I have written a code that takes place the zeros at the top of list and 1's at the end of it , but it increases the space and time complexity . How can I reduce the complexity of code.

Code:

array = [0, 1, 0, 1, 1, 0]
new_list = []
new_list1 = []
for i in array:
    if i == 0:
        new_list.append(i)
    else:
        new_list1.append(i)

print(new_list + new_list1)

Answer 1

with sum (in case you are allowed to use sum, not clear from the question )

array = [0, 1, 0, 1, 1, 0]
n_ones = sum(array)
new_array = [0 for _ in range(len(array) - n_ones)] + [1 for _ in range(n_ones)]

Remark on booleans In python booleans are considered numeric types so you can do arithmetic as well. Working only with 0 and 1 as integers, so more structured data than boolean True and False, could give raise to performance "lack".
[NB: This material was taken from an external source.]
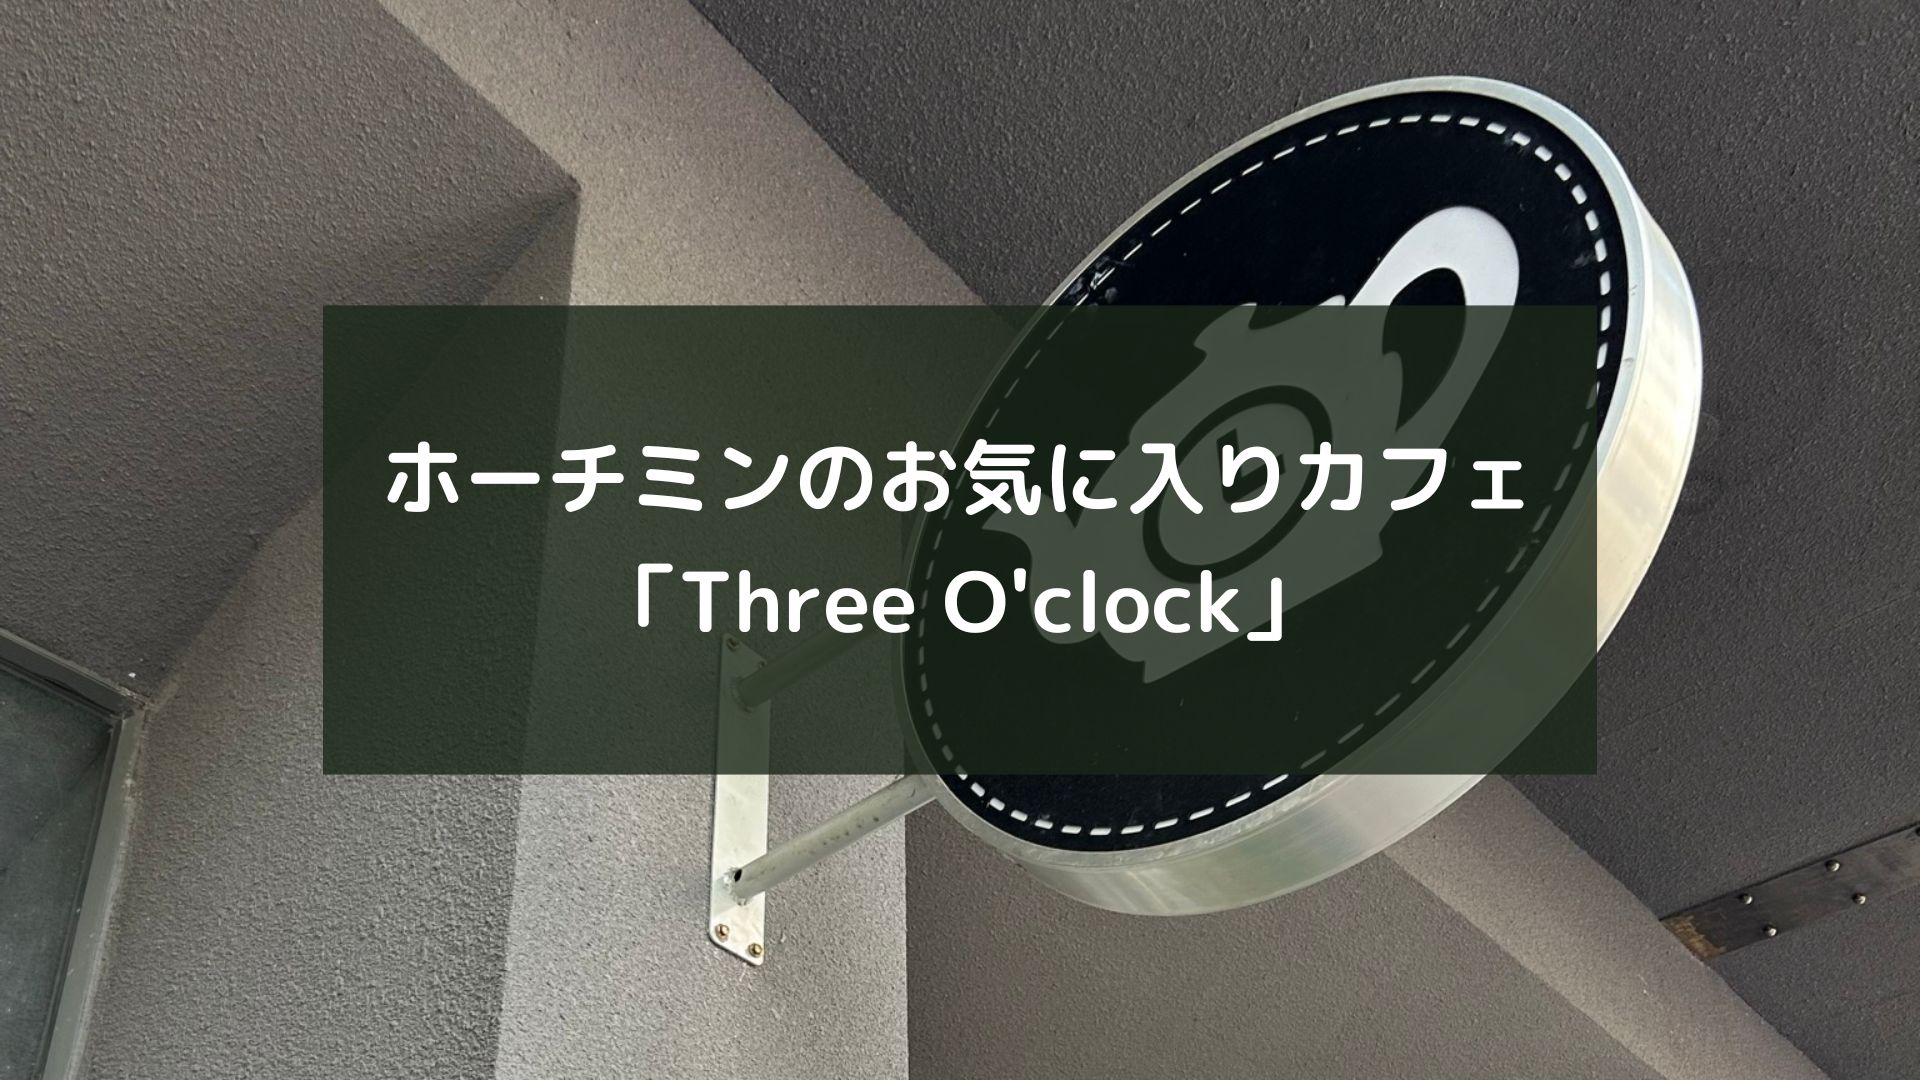 ホーチミンのお気に入りカフェ「Three O'clock」

Notice also that python considers both boolean states as literals!

boolean approach

array = [0, 1, 0, 1, 1, 0]
n_ones = len([True for _ in array if bool(_)])
new_array = [0 for _ in range(len(array) - n_ones)] + [1 for _ in range(n_ones)]

Answer 2

An other way without count and keeping the loops could be that:

array = [0, 1, 0, 1, 1, 0]
new_list = []

for val in array:
    if val == 1:
        new_list.append(1)
    else:
        new_list.insert(0, 0)

>> [0, 0, 0, 1, 1, 1]

Answer 3

Slightly modifying your code:

array = [0, 1, 0, 1, 1, 0]
new_list = []
for i in array:
    if i == 0:
        new_list.append(i)
new_list.extend(1 for _ in range(len(array) - len(new_list)))
print(new_list)

Prints:

[0, 0, 0, 1, 1, 1]

Answer 4

If the output needs to be [0, 0, 0, 1, 1, 1]

you can do the following:

In [17]: 
array = [0, 1, 0, 1, 1, 0]
print([0] * array.count(0) + [1] * array.count(1))


Out[17]: [0, 0, 0, 1, 1, 1]